Warning: personal post! Yes, it's about relationships and you are probably wondering why I am writing and posting something so personal to me. The reason? I want to be real. And I know that with being real, comes vulnerability and honestly, I am scared - so please be nice. I have wanted to post this for a while, but I have never known if it is right or if it will actually help someone. I want to show anyone that may be reading this that relationships - whether it be with a friend, a significant other or a family member - ALL come with road bumps. I want to encourage you to take a step back and re-evaluate the situation in its entirety, not just from your perspective. So here goes...
It has taken me almost six years to realise that my happiness should not be hindered by the words or actions of other people. It also should not be wholly dependent on someone else, regardless of how close they are to you. It's not worth it, trust me. I did just that for almost four years. My first relationship began when I was fifteen and lasted three and half years with a four-month break somewhere in the second half. To say it was easy would be a lie. We may have dated a long time, but it was the fact that I had made him the biggest part of my life that was the problem. He was number one and over everything else in my life, he came first. As sweet and lovely as that sounds, it's not. Putting other people on a pedestal is dangerous and opens up a lot of space to get hurt.
It has been almost a year since that relationship ended and holy heck, those following months were the hardest, most painful months I have experienced so far. In hindsight though, I have learnt a lot. I have learnt that a relationship works two ways and you both need to be putting in equal effort. I have learnt that being completely open, honest and real with one another is crucial to communicating how you are feeling.
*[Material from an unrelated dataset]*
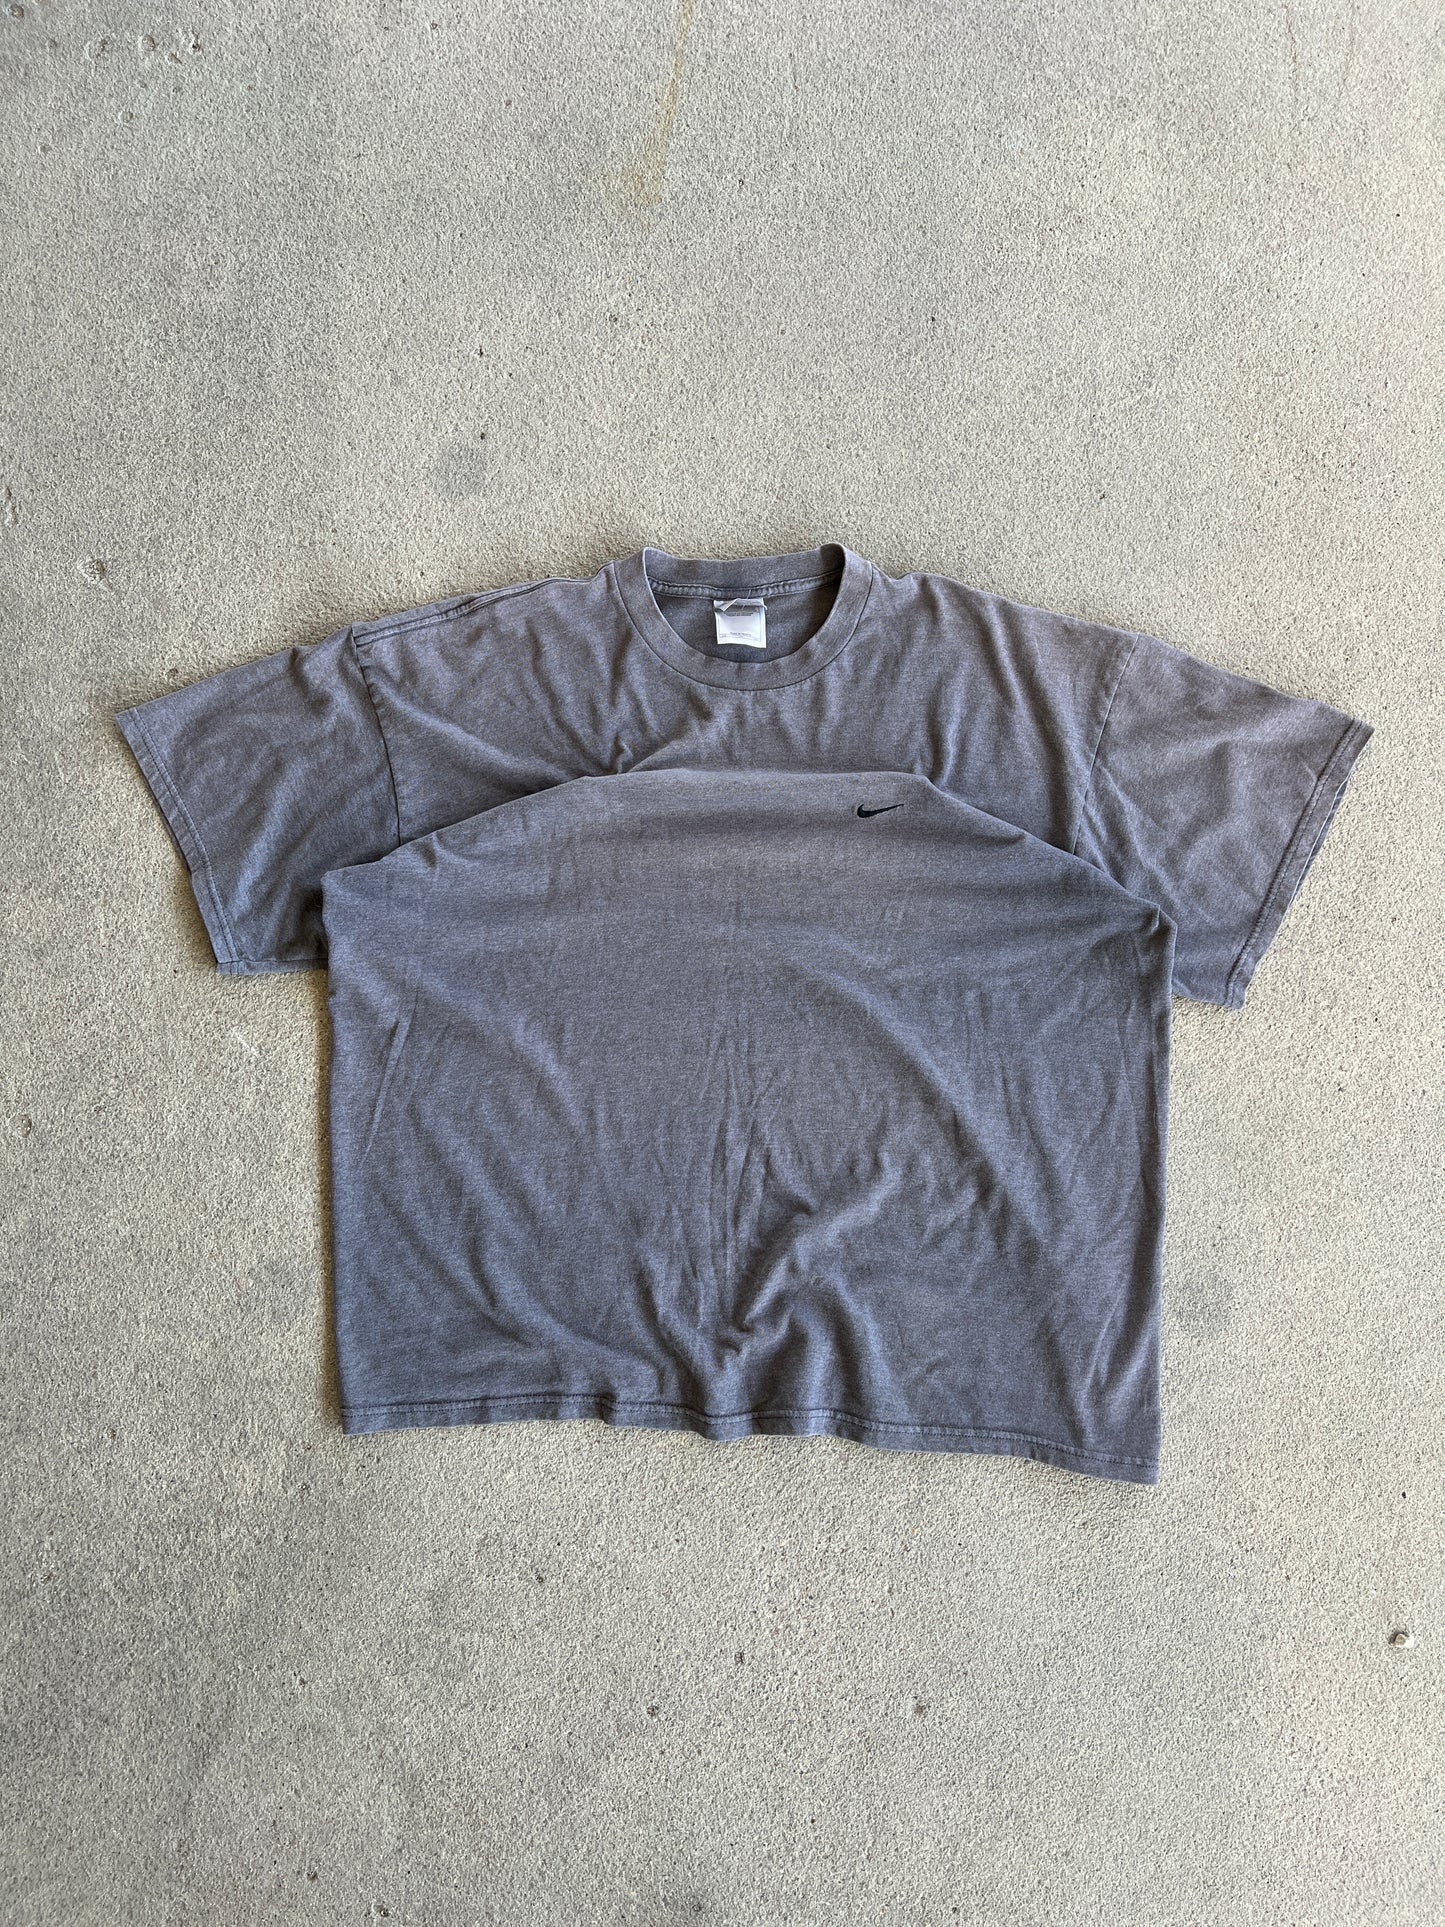 Vintage Grey Nike Shirt - XXL

I have learnt that other people don't define your worth and that there are people out there who love reminding you that you are beautiful, special and valued. I have realised that for all that time, I had been putting the wrong thing first. God needed to be first in my life and I had my priorities out of line for way too long. It is so incredibly important to not put worldly things on a pedestal. Love them, love it, love whatever the thing is that is so special to you - but never, ever put it before God.
I guess as cliche as it sounds, you not only learn how to become stronger through heartache, but you also learn that life goes on - and that is exactly what happened. Life went on and I have moved on with a whole new perspective toward all forms of relationships regardless of who they are with.
Right now, as I sit here finishing off this post, I can confidently say that it has not been easy getting to this point, but I am so incredibly grateful and genuinely happy. So take it from me: your happiness is just that - yours. Avoid letting other people completely influence how you are feeling. If you are upset, be upset. If you are feeling on top of the world, then share that positive energy with those around you. But no matter what, you should never have to justify the way you are feeling to anyone (been there, done that and *yawn* waste of time). Just do you!